US20070003611A1

US20070003611A1 - Novel method of granulating calcium carbonate and products provided therefrom

Info

Publication number: US20070003611A1
Application number: US11/169,540
Authority: US
Inventors: Sung-Tsuen Liu; George Skinner
Original assignee: JM Huber Corp
Current assignee: JM Huber Corp
Priority date: 2005-06-29
Filing date: 2005-06-29
Publication date: 2007-01-04
Also published as: EP1738750A1

Abstract

A new and useful method of granulating calcium carbonate is provided. Such a method entails the inclusion of very low amounts of an aqueous solution citric acid to a calcium carbonate material, with subsequent, mixing, drying, milling, and sieving to provide the correct target particle size range for the resultant granulated materials. Such granulated calcium carbonate materials exhibit very high available calcium levels, excellent flow characteristics, capability for compression into tablets, and a drastic reduction in needed binders to effectuate the desired granulation itself. Products including such granulated calcium carbonate materials are also encompassed within this invention.

Description

FIELD OF THE INVENTION

The present invention relates generally to a new and useful method of granulating calcium carbonate. Such a method entails the inclusion of very low amounts of an aqueous solution citric acid to a calcium carbonate material, with subsequent, mixing, drying, milling, and sieving to provide the correct target particle size range for the resultant granulated materials. Such granulated calcium carbonate materials exhibit very high available calcium levels, excellent flow characteristics, capability for compression into tablets, and a drastic reduction in needed binders to effectuate the desired granulation itself. Products including such granulated calcium carbonate materials are also encompassed within this invention.

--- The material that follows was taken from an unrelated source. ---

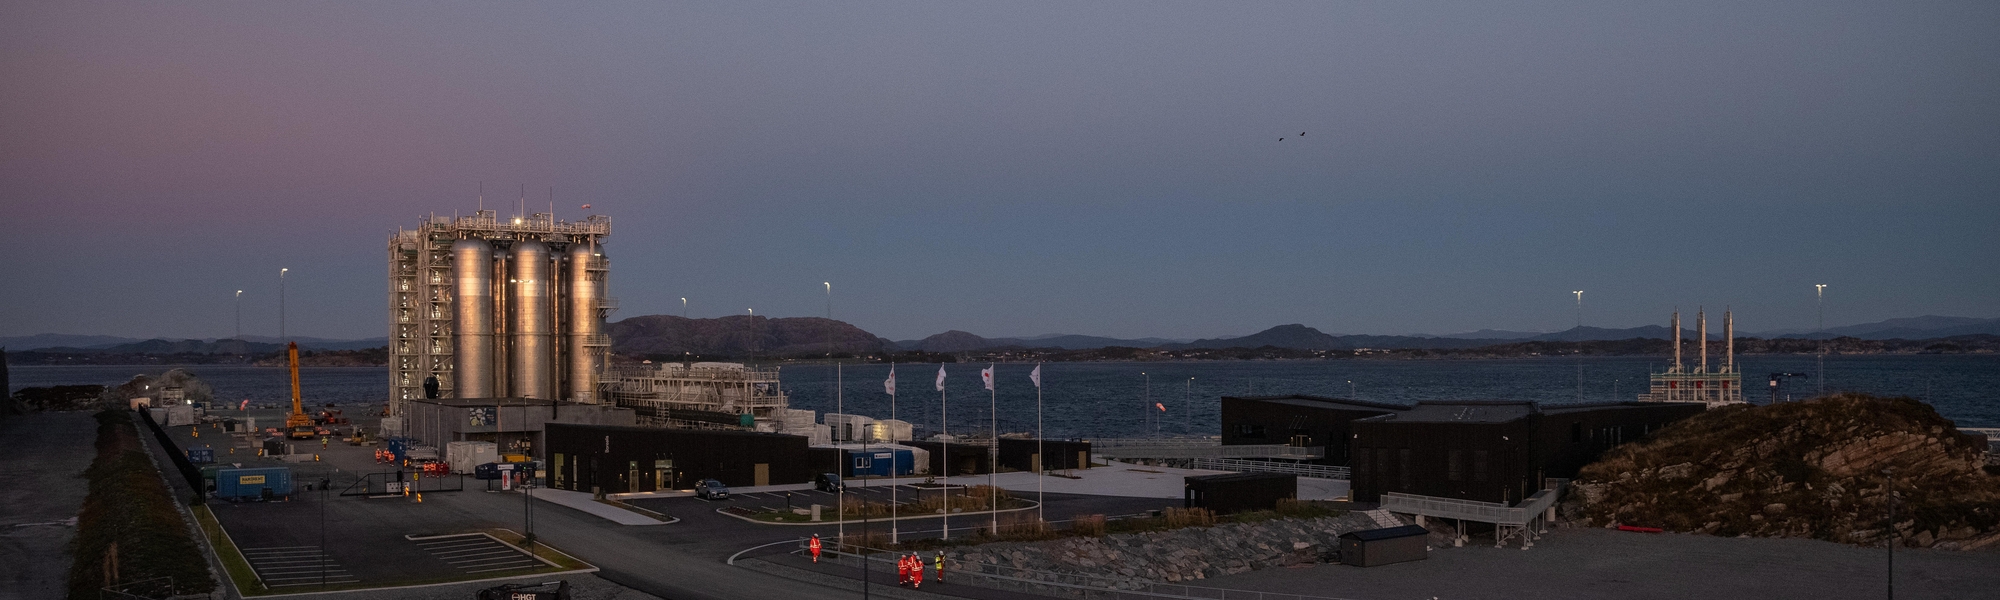 Northern Lights CCS plant in Øygarden, photographed from a distance at dusk

BACKGROUND OF THE INVENTION

Calcium carbonate has been utilized for many years as orally ingested supplements for purposes ranging from antacids to osteoporosis medications. It has been a combined aim for such materials to deliver the highest level of available calcium within a form that permits proper transfer, tablet production, and ultimate ingestion by a target patient. As such, granulation of powdered calcium carbonate (whether in ground or precipitated state) has been a requirement within the subject industries. Without granulation, the calcium carbonate materials would exhibit, as a powder, poor flowability characteristics, cementation during storage and high levels of dusting when transferred, at least, while incorporating such materials into proper orally ingested tablets and/or capsules.
Granulation has typically included the utilization of binder systems to facilitate the massing of calcium carbonate powders into larger particle size granules. Such a method, although well known, and extensively followed, exhibits certain drawbacks that leave room for improvement. For instance, such binders, including, without limitation, starch, gelatin, hydroxypropyl methylcellulose, polyvinylpyrrolidone, and the like, are relatively expensive and/or require relatively high levels of use to effectively provide the needed degree of granulation to occur. In fact, a level of 5.0 parts per hundred parts of calcium carbonate is generally the low level of binder additive present within fmal granulated calcium carbonate formulations. This produces a material that exhibits at most 95% bioavailable calcium carbonate for utilization by the target patient/user within a typical tablet/capsule, or requires the production of relatively large size tablets and/or capsules to increase the amount of bioavailable calcium carbonate present therein. An increase in the amount of bioavailable calcium carbonate would thus be a desired result in order to reduce binder costs, reduce the amount of additives needed to permit granulation, and reduce pill sizes without restricting or reducing the amount of calcium available to the patient/user during ingestion. All of these benefits would necessarily result without any concomitant loss in flowability of the granulated calcium carbonate in comparison with the typical binder-granulated types as well. To date, although such granulated calcium carbonate is well known and used widely, particularly within the nutrition and pharmaceutical industries, as noted above, such a desirable improvement has not been achieved.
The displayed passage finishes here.